It is possible to redefine perform_async and calculate id, score и perform_in in a worker code:

module ATestWorker
  extend Lowkiq::Worker

  def self.perform_async(jobs)
    jobs.each do |job|
      job.merge! id: job[:payload][:id]
    end
    super
  end

  def self.perform(payloads_by_id)
    #...
  end
end

ATestWorker.perform_async 1000.times.map { |id| { payload: {id: id} } }

Ring app

Lowkiq::Web - a ring app.

/ - a dashboard
/api/v1/stats - queue length, morgue length, lag for each worker and total result

Configuration

Options and their default values are:

Lowkiq.poll_interval = 1 - delay in seconds between queue polling for new jobs.
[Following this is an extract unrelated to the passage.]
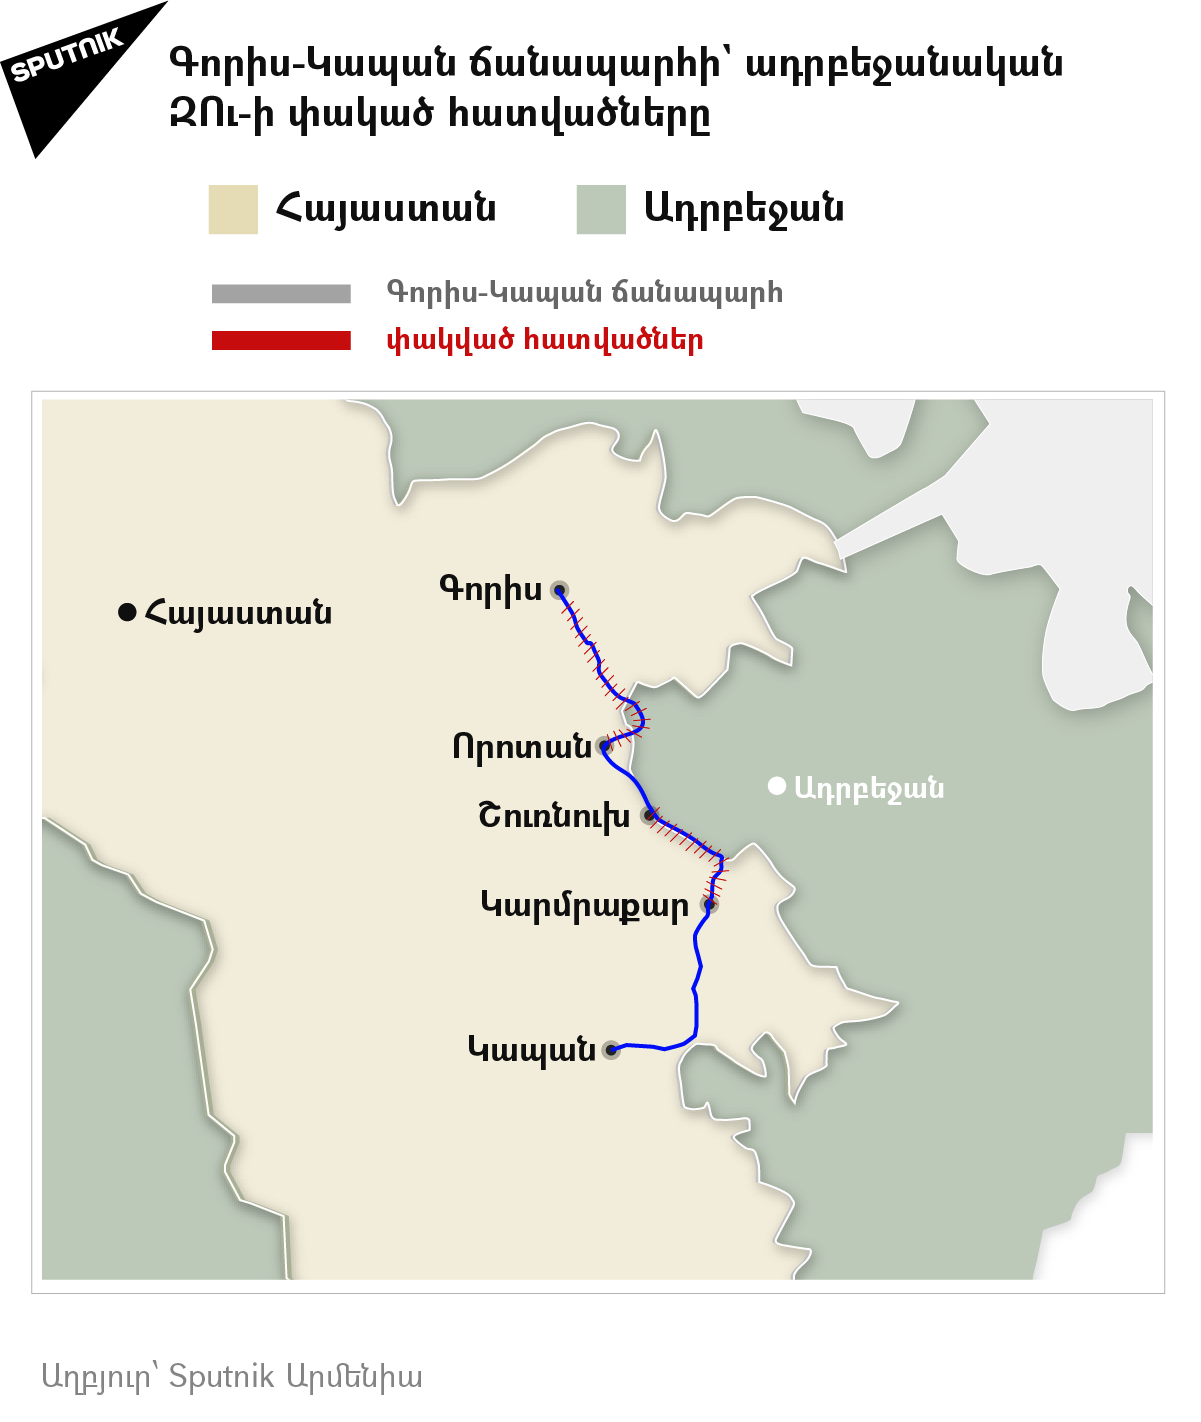 Գորիս-Կապան ճանապարհի` ադրբեջանական ԶՈւ-ի փակած հատվածները - Sputnik Արմենիա, 1920, 26.08.2021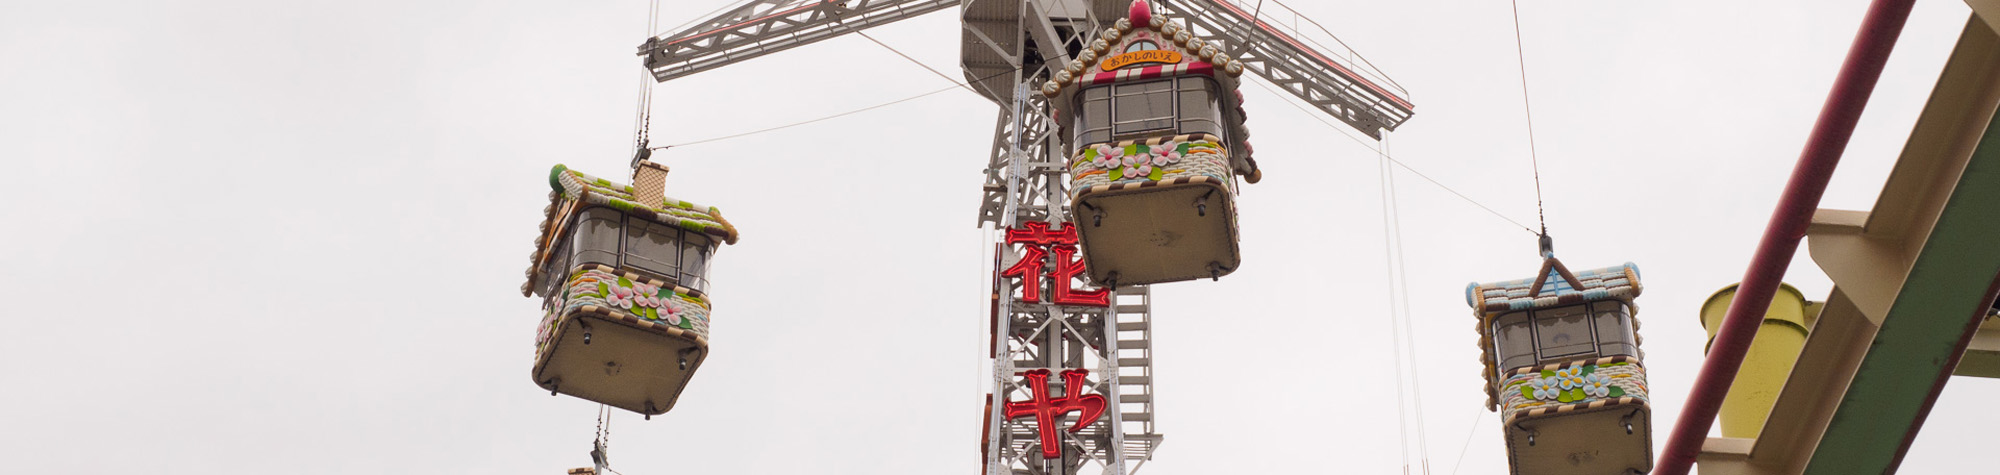 ญี่ปุ่นไปรอบๆ: เที่ยวสวนสนุกสไตล์ญี่ปุ่นฮานะยาชิกิ

Used only if the queue was empty at previous cycle or error was occured.
Lowkiq.threads_per_node = 5 - threads per node.
Lowkiq.redis = ->() { Redis.new url: ENV.fetch('REDIS_URL') } - redis connection options
Lowkiq.client_pool_size = 5 - redis pool size for queueing jobs
Lowkiq.pool_timeout = 5 - client and server redis pool timeout
Lowkiq.server_middlewares = [] - a middleware list, used for worker wrapping
Lowkiq.on_server_init = ->() {} - a lambda is being executed when server inits
Lowkiq.build_scheduler = ->() { Lowkiq.build_lag_scheduler } is a scheduler
Lowkiq.build_splitter = ->() { Lowkiq.build_default_splitter } is a splitter
Lowkiq.last_words = ->(ex) {} is an exception handler of descendants of StandardError caused the process stop
Lowkiq.dump_payload = Marshal.method :dump
Lowkiq.load_payload = Marshal.method :load

$logger = Logger.new(STDOUT)

Lowkiq.server_middlewares << -> (worker, batch, &block) do
  $logger.info "Started job for #{worker} #{batch}"
  block.call
  $logger.info "Finished job for #{worker} #{batch}"
end

Lowkiq.server_middlewares << -> (worker, batch, &block) do
  begin
    block.call
  rescue => e
    $logger.error "#{e.message} #{worker} #{batch}"
    raise e
  end
end

Performance

Use hiredis for better performance.

# Gemfile

gem "hiredis"

# config

Lowkiq.redis = ->() { Redis.new url: ENV.fetch('REDIS_URL'), driver: :hiredis }

Execution

lowkiq -r ./path_to_app

path_to_app.rb must load app. Example.

Lazy loading of workers modules is unacceptable. For preliminarily loading modules use require or require_dependency for Ruby on Rails.

Shutdown

Send TERM or INT signal to process (Ctrl-C). Process will wait for executed jobs to finish.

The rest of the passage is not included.